Both Dan Bracuk and ITroubs have made very good comments.
Solution 1 - Daily snapshop
The first solution you proposed is very simple. You can build the snapshot with a simple query and you can also consult it and rebuild any day's snapshot with a very simple query, by just filtering on the SNAPSHOT_TAKEN column.
If you have just some thousands of records, I'd go with this one, without worrying too much about its growing size.
Solution 2 - Daily snapshop with rolling history
This is basically the same as solution 1, but you keep only some of the snapshots over time... to avoid having the snapshot DB growing indefinitely over time.
The simplest approach is just to save the snapshots of the last N days... maybe a month or two of data. A more sophisticated approach is to keep snapshot with a density that depends on age... so, for example, you could have every day of the last month, plus every sunday of the last 3 months, plus every end-of-month of the last year, etc...
This solution requires you develop a procedure to handle deletion of the snapshots that are not required any more. It's not as simple as using getdate() within a query. But you obtain a good balance between space and historic information. You just need to balance out a good snapshot retainment strategy to suit your needs.
Solution 3 - Forward row delta
Building any type of delta is a much more complex procedure.
A forward delta is built by storing the initial snapshot (as if all rows had been inserted on that day) and then, on the following snapshots, just storing information about the difference between snapshot(N) and snapshot(N-1).
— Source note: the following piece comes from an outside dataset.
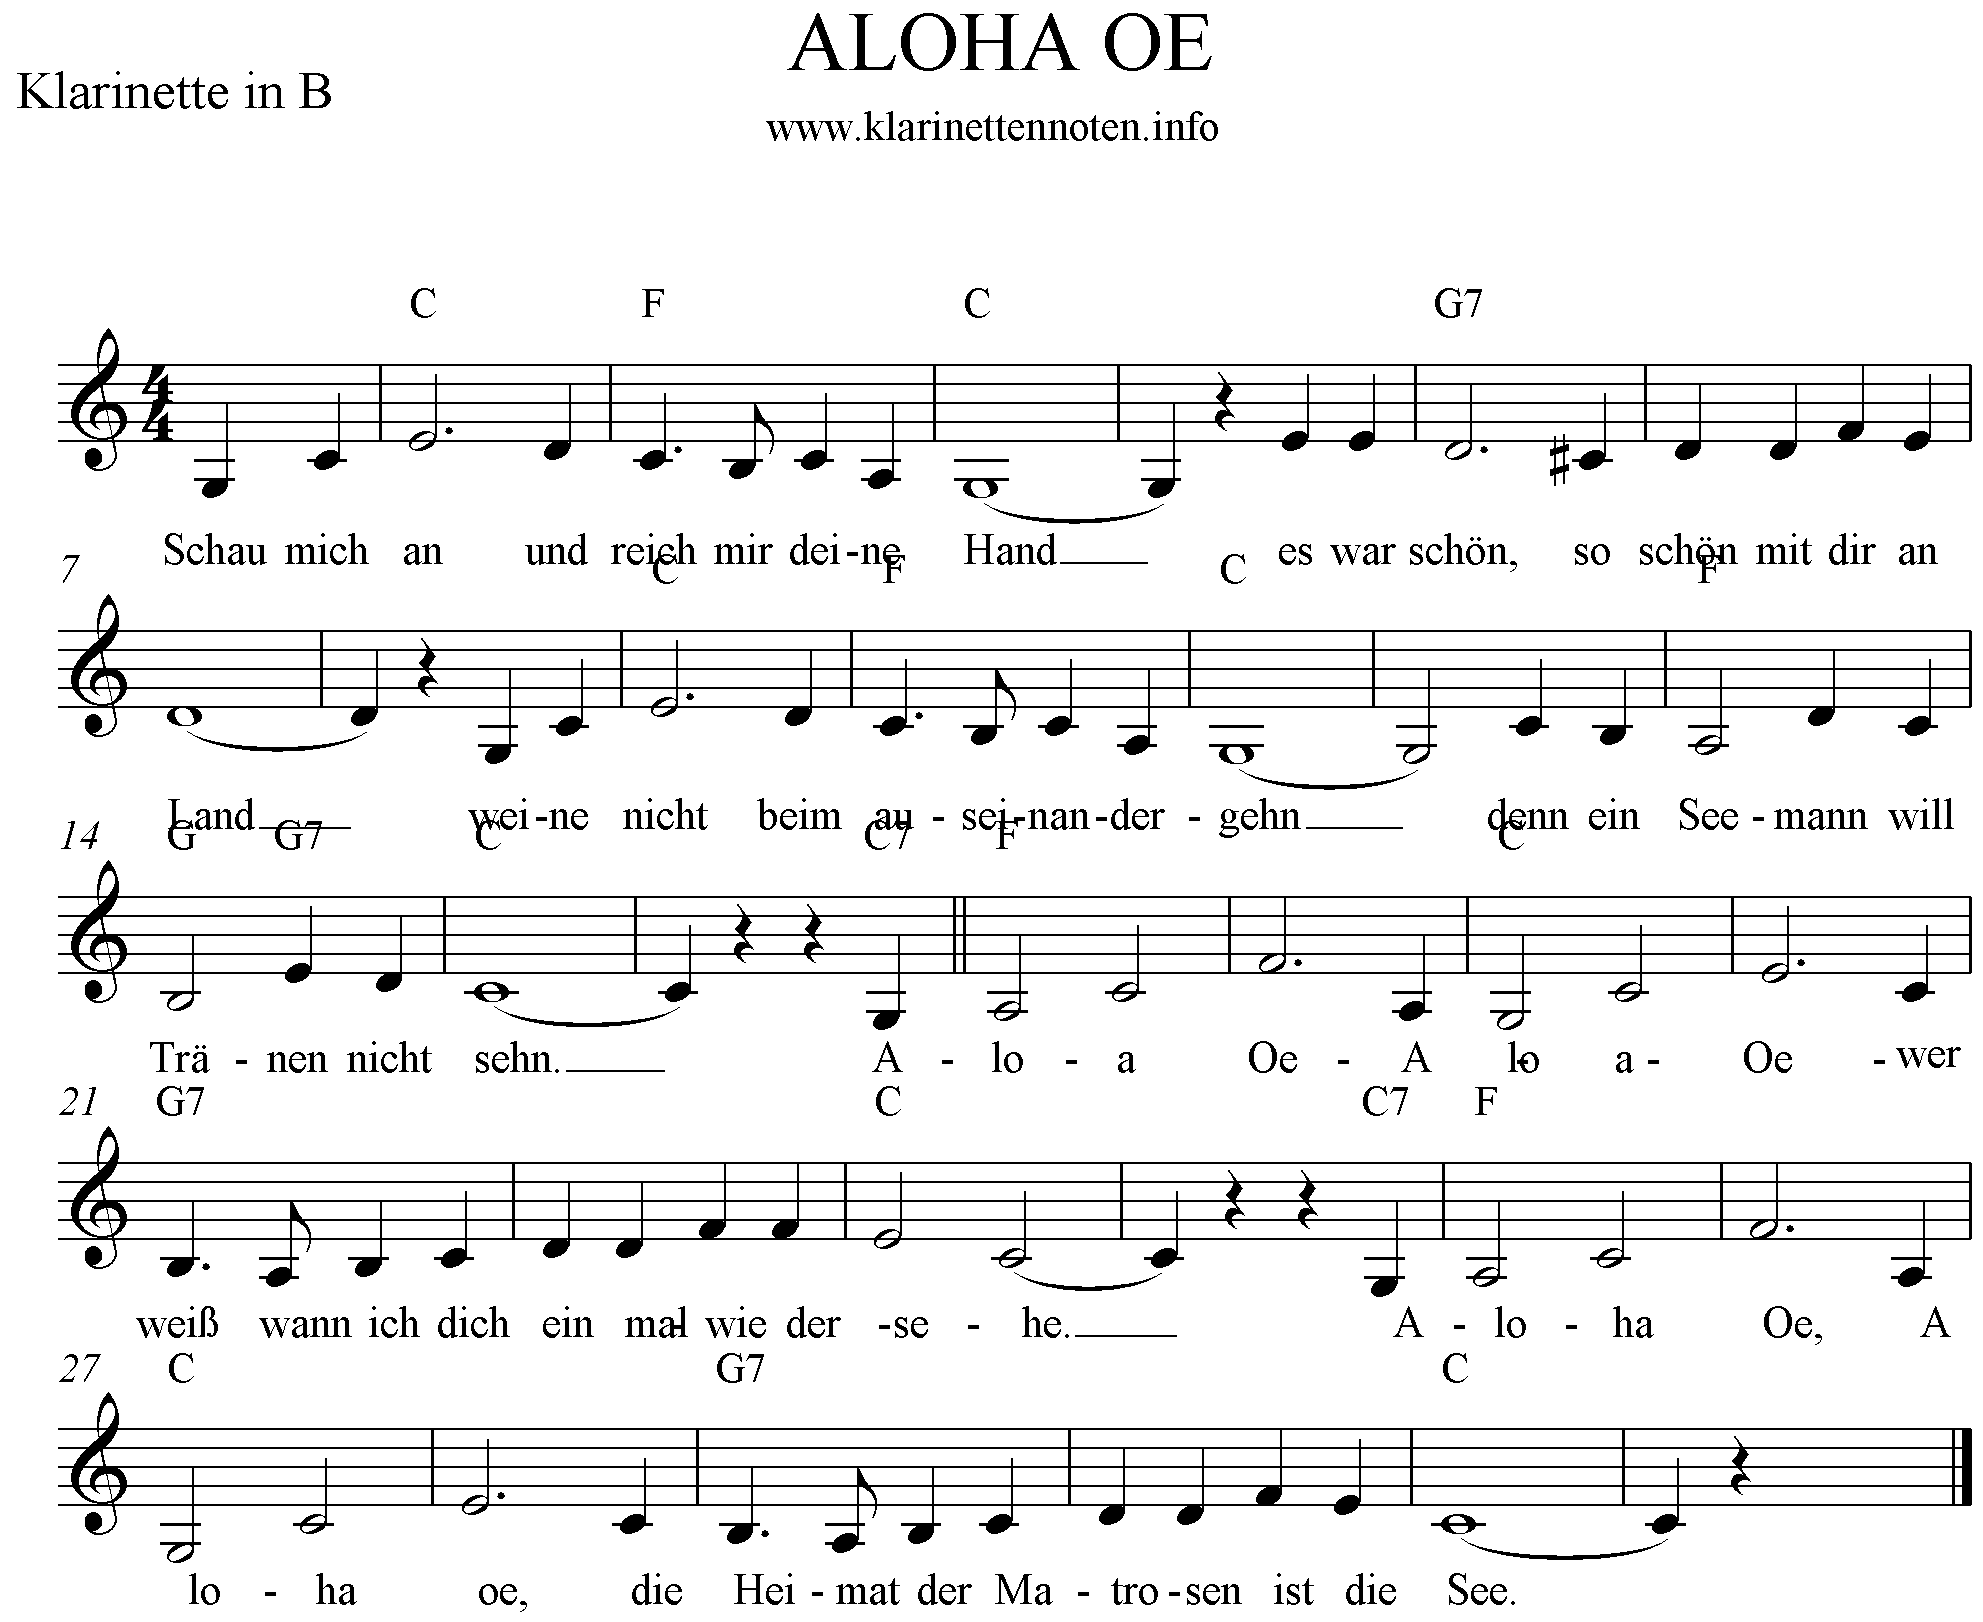 Heja text aloha noten he und Songtext aloha

This is done by analyzing each row and just storing the data if the row is new or updated or deleted. If the main table does not change much over time, you can save quite a lot of space, as no info is stored for unchanged rows.
Obviously, to handle deltas, you now need 2 extra columns, not just one:
delta id (you snapshot_taken is good, if you only want 1 delta per
day)
row change type (could be D=deleted, I=inserted, U=updated... or
something similar)
The main complexity derives from the necessity to identify rows (usually by primary key) so as to calculate if between 2 snapshots any individual row has been inserted, updated, deleted... or none of the above.
The other complexity comes from reading the snapshot DB and building the latest (or any other) snapshot. This is necessary because, having only row differences in the table, you cannot simply select a day's snapshot by filtering on snapshot_taken.
This is not easy in SQL. For each row you must take into account just the final version... the one with MAX snapshot_taken that is <= the date of the snapshot you want to build. If it is an insert or update, then keep the data for that row, else (if it is a delete) then ignore it.
To build a delta of snapshot(N), you must first build the latest snapshot (N-1) from the snapshot DB. Then you must compare the two snapshots by primary key or row identity and calculate the change type (I/U/D) and insert the changes in the snapshot DB.
Beware that you cannot delete old snapshot data without consolidating it first. That is because all snapshots are calculated from the oldest initial one and all the subsequent difference data. If you want to remove a year's of old snapshots, you'll have to consolidate the old initial snapshot and all the year's variations in a new initial snapshot.
Solution 4 - Backward row delta
This is very similar to solution 3, but a bit more complex.
A backward delta is built by storing the final snapshot and then, on the following snapshots, just storing information about the difference between snapshot(N-1) and snapshot(N).
The advantage is that the latest snapshot is always readily available through a simple select on the snapshot DB. You only need to merge the difference data when you want to retrieve an older snapshot. Compare this to the forward delta, where you always need to rebuild the snapshot from the difference data unless you are actually interested in the very first snapshot.
Another advantage (compared to solution 3) is that you can remove older snapshots by just deleting the difference data older than a particular snapshot. You can do this easily because snapshots are calculated from the final snapshot and not from the initial one.
The disadvantage is in the obscure logic. Difference data is calculated backwards. Values must be stored on the (U)pdate and (D)elete variations, but are unnecessary on the I variations. Going backwards, rows must be ignored if the first variation you find is an (I)nsert. Doable, but a bit trickier.
Solution 5 - Forward and backward column delta
If the main table has many columns, or many long text or varchar columns, and only a bunch of these are updated, then it could make sense to store only column variations instead of row variations.
This is done by using a table with this structure:
delta id (you snapshot_taken is good, if you only want 1 delta per
day)
change type (could be D=deleted, I=inserted, U=updated... or
something similar)
column name
value
The difference can be calculated forward or backward, as per row deltas.
I've seen this done, but I really advise against it. There are just too many disadvantages and added complexity.
Value is a text or varchar, and there are typecasting issues to handle if you have numeric, boolean or date/time values... and, if you have a lot of these, it could very well be you won't be saving as much space as you think you are.
Rebuilding any snapshot is hell. Altogether... any operation on this type of table really requires a lot of knowledge of the main table's structure.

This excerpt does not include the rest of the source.